▶ _Prompt_
Below are some records. Return exactly their lines from the one containing "image of 2 iPhone" through the one containing "Image of a globe", and drop the pictures.

▶ _Data section_
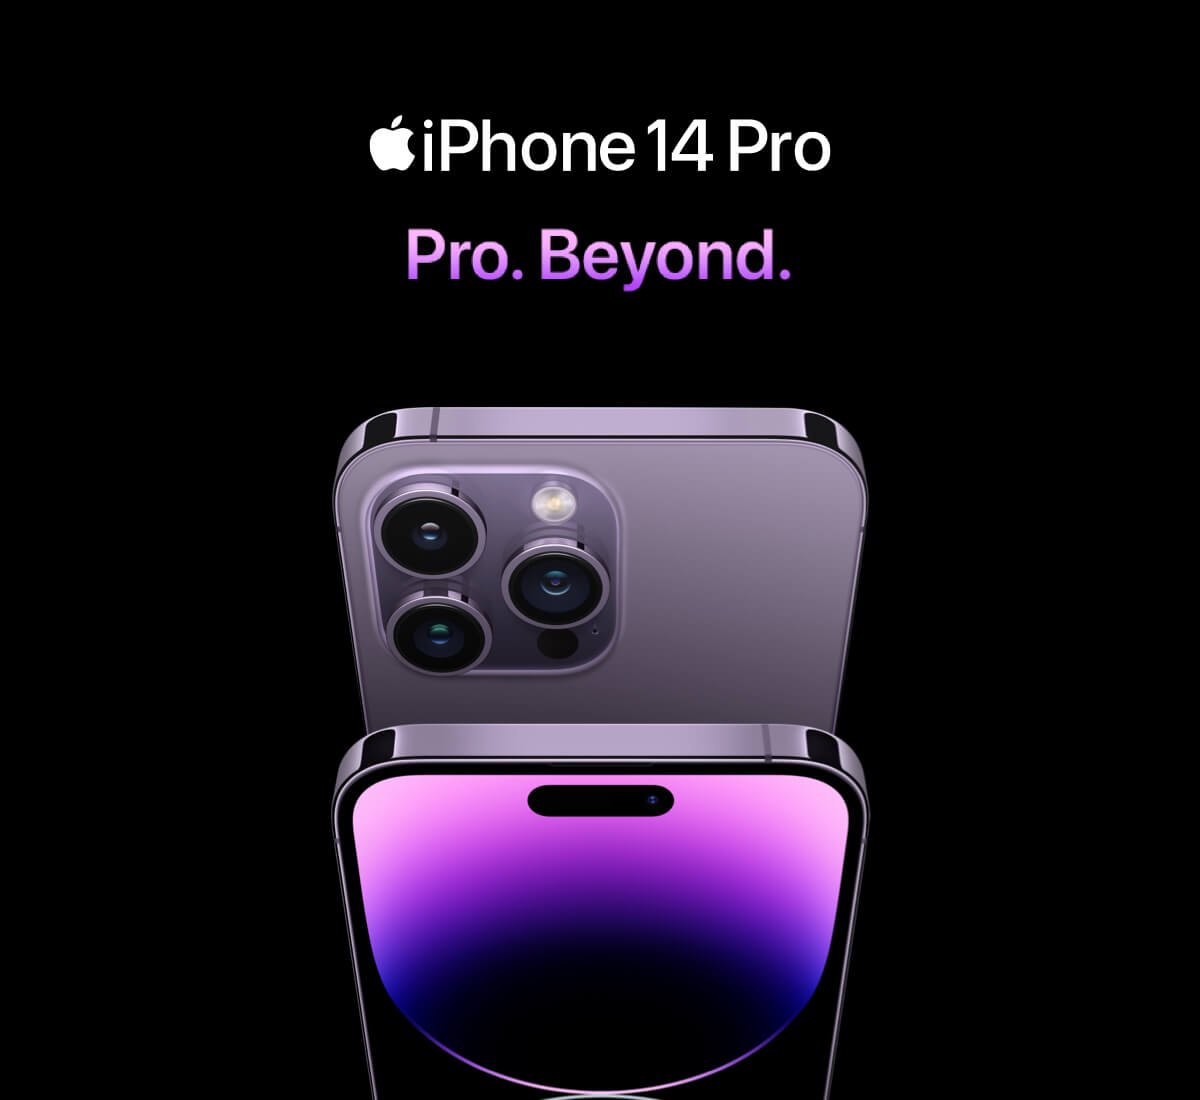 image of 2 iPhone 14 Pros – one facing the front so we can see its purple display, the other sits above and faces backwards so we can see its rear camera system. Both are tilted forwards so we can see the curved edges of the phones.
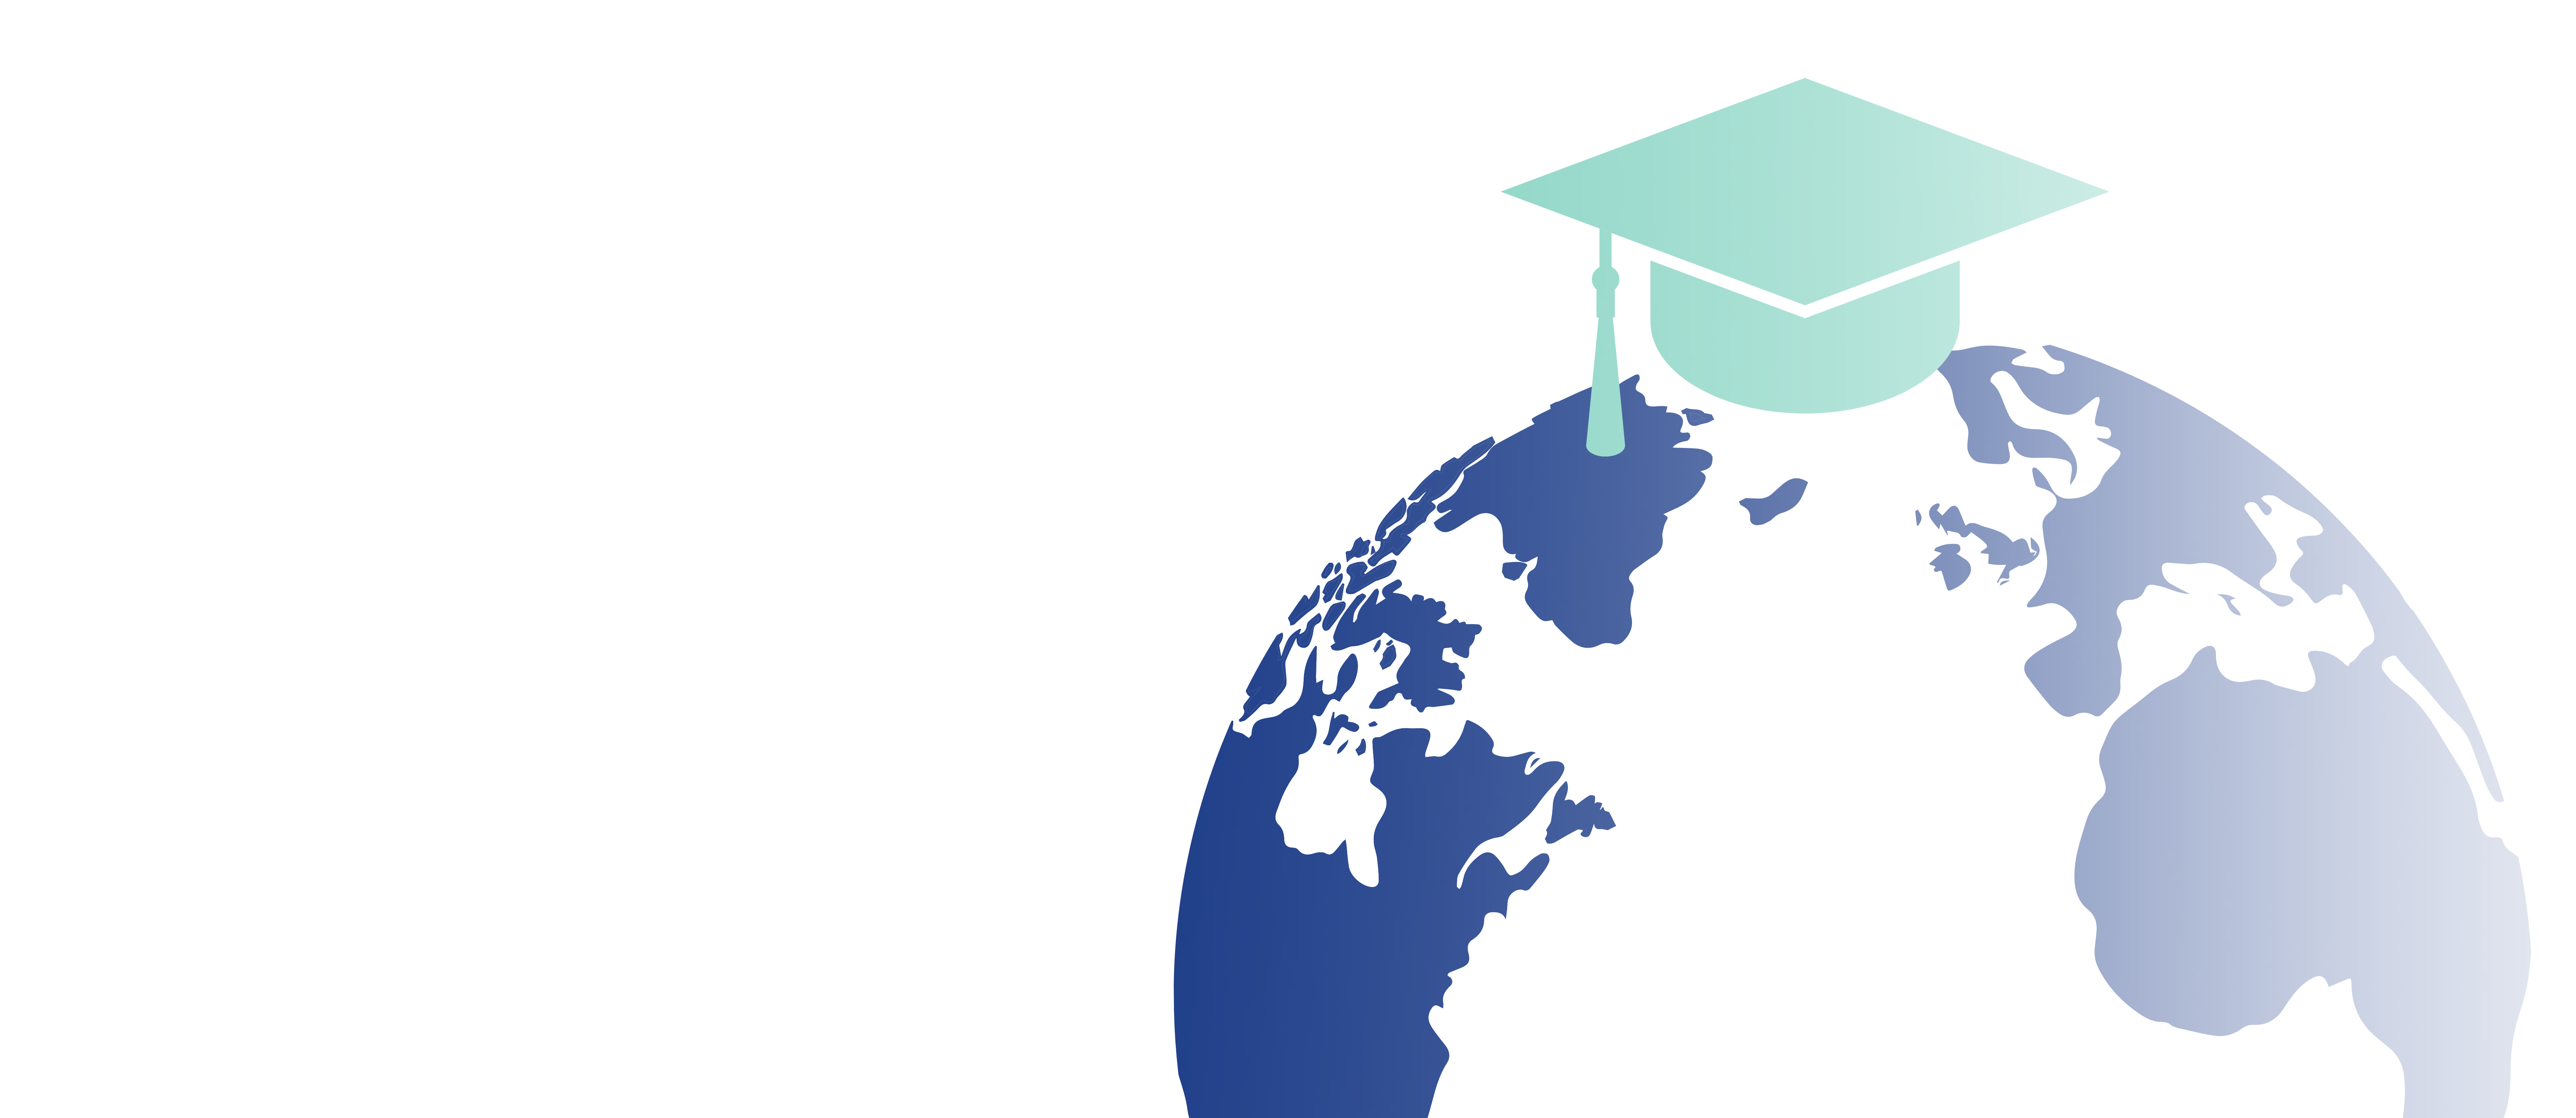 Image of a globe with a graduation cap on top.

==

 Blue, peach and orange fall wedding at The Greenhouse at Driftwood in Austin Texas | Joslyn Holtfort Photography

▶ _Reply_
 image of 2 iPhone 14 Pros – one facing the front so we can see its purple display, the other sits above and faces backwards so we can see its rear camera system. Both are tilted forwards so we can see the curved edges of the phones.
 Image of a globe with a graduation cap on top.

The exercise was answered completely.